Burkholderia multivorans requires species‐specific GltJK for entry of a contact‐dependent growth inhibition system protein

Interbacterial antagonism and communication are driving forces behind microbial community development. In many Gram‐negative bacteria, contact‐dependent growth inhibition (CDI) systems contribute to these microbial interactions. CDI systems deliver the toxic C‐terminus of a large surface exposed protein to the cytoplasm of neighboring bacteria upon cell−contact. Termed the BcpA‐CT, import of this toxic effector domain is mediated by specific, yet largely unknown receptors on the recipient cell outer and inner membranes. In this study, we demonstrated that cytoplasmic membrane proteins GltJK, components of a predicted ABC‐type transporter, are required for entry of CDI system protein BcpA‐2 into Burkholderia multivorans recipient cells. Consistent with current CDI models, gltJK were also required for recipient cell susceptibility to a distinct BcpA‐CT that shared sequences within the predicted “translocation domain” of BcpA‐2. Strikingly, this translocation domain showed low sequence identity to the analogous region of an Escherichia coli GltJK‐utilizing CDI system protein. Our results demonstrated that recipient bacteria expressing E. coli gltJK were resistant to BcpA‐2‐mediated interbacterial antagonism, suggesting that BcpA‐2 specifically recognizes Burkholderia GltJK. Using a series of chimeric proteins, the specificity determinant was mapped to Burkholderia‐specific sequences at the GltK C‐terminus, providing insight into BcpA transport across the recipient cell cytoplasmic membrane.

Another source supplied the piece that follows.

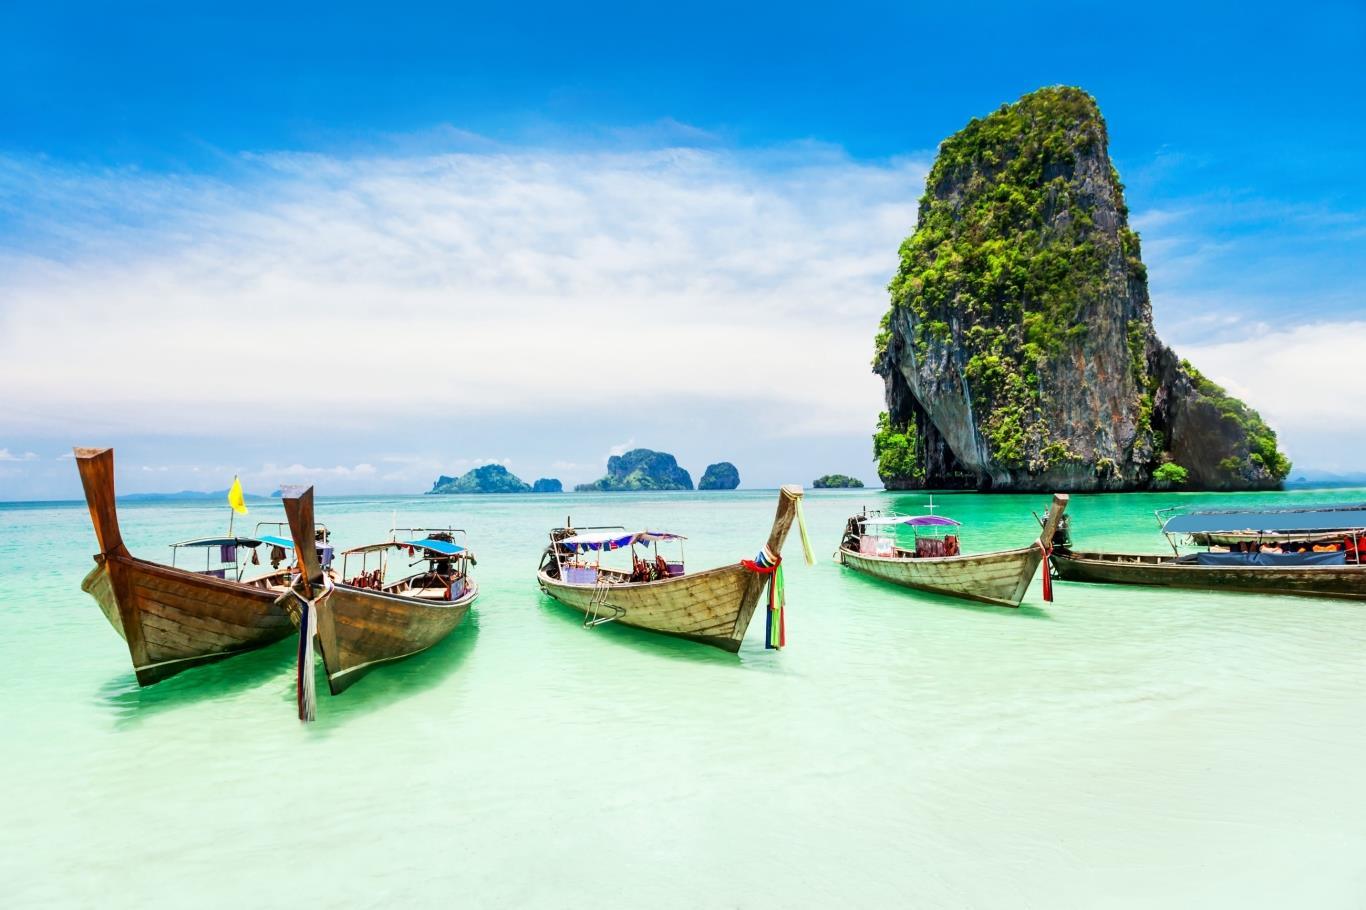 Du lịch đảo Phuket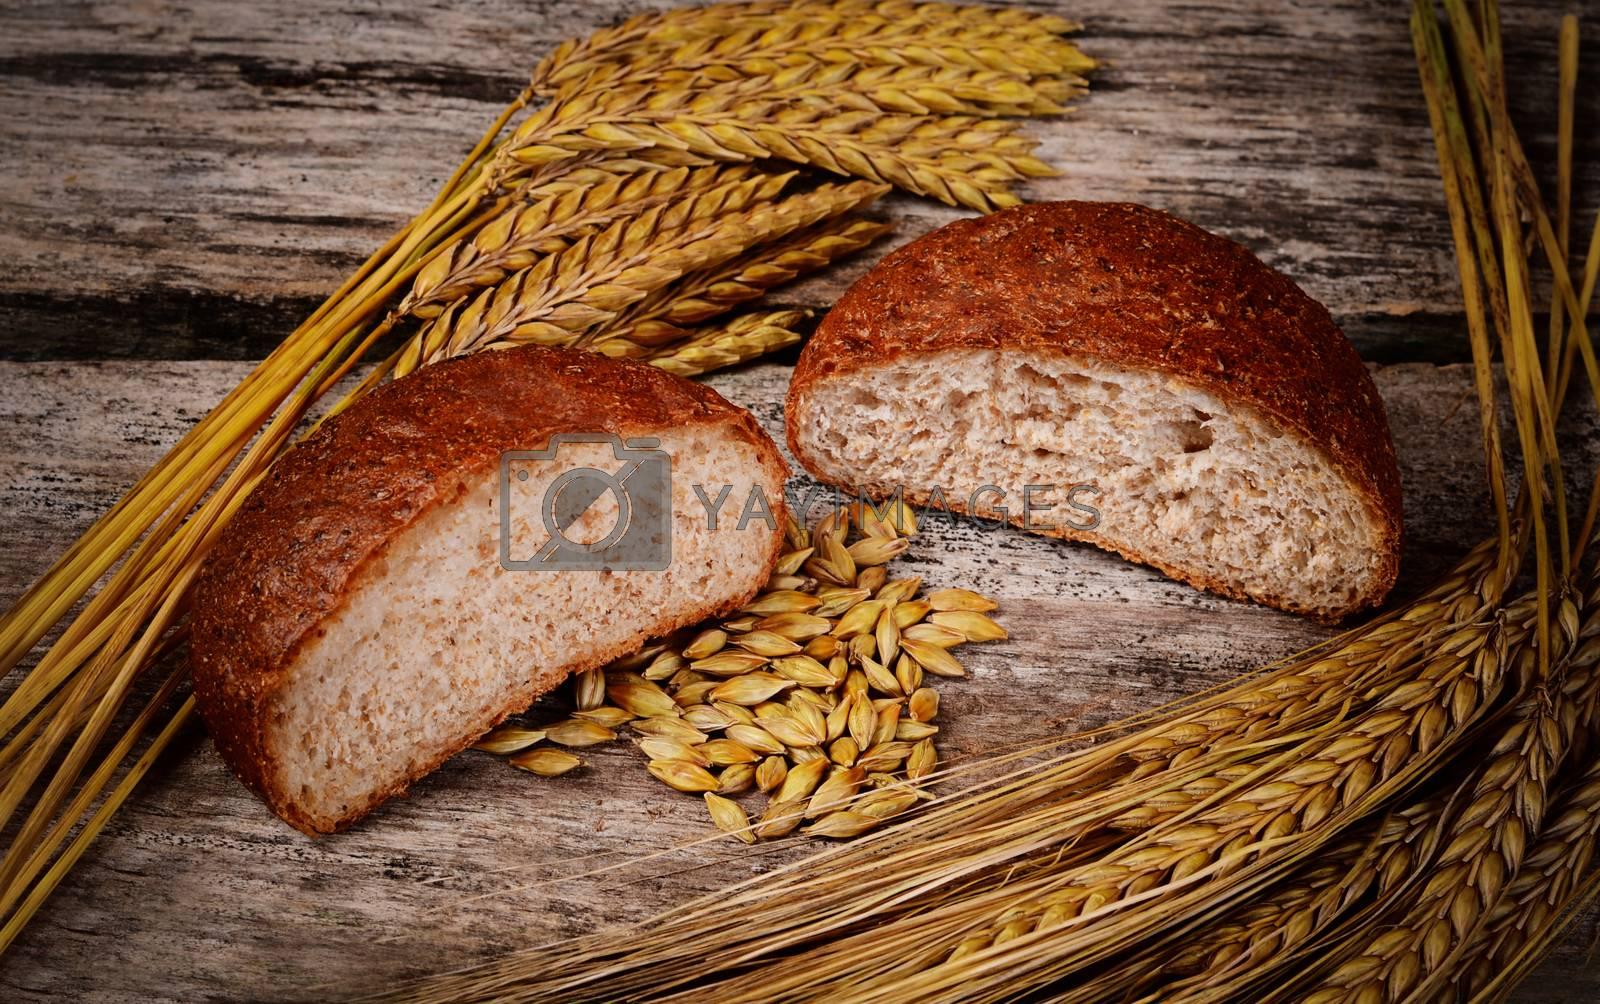 Fresh bread with ears a rye by SvetaVo

Contact‐dependent growth inhibition systems mediate inter‐bacterial antagonism by delivering toxic effectors to neighboring bacteria. This study identifies inner membrane proteins GltJK as a likely receptor for recipient cell import of a Burkholderia multivorans CDI system effector, BcpA‐2. Specificity of the receptor is mapped to the GltK C‐terminus, suggesting that this region plays an important role in the translocation of BcpA‐2 across the recipient bacterium cytoplasmic membrane.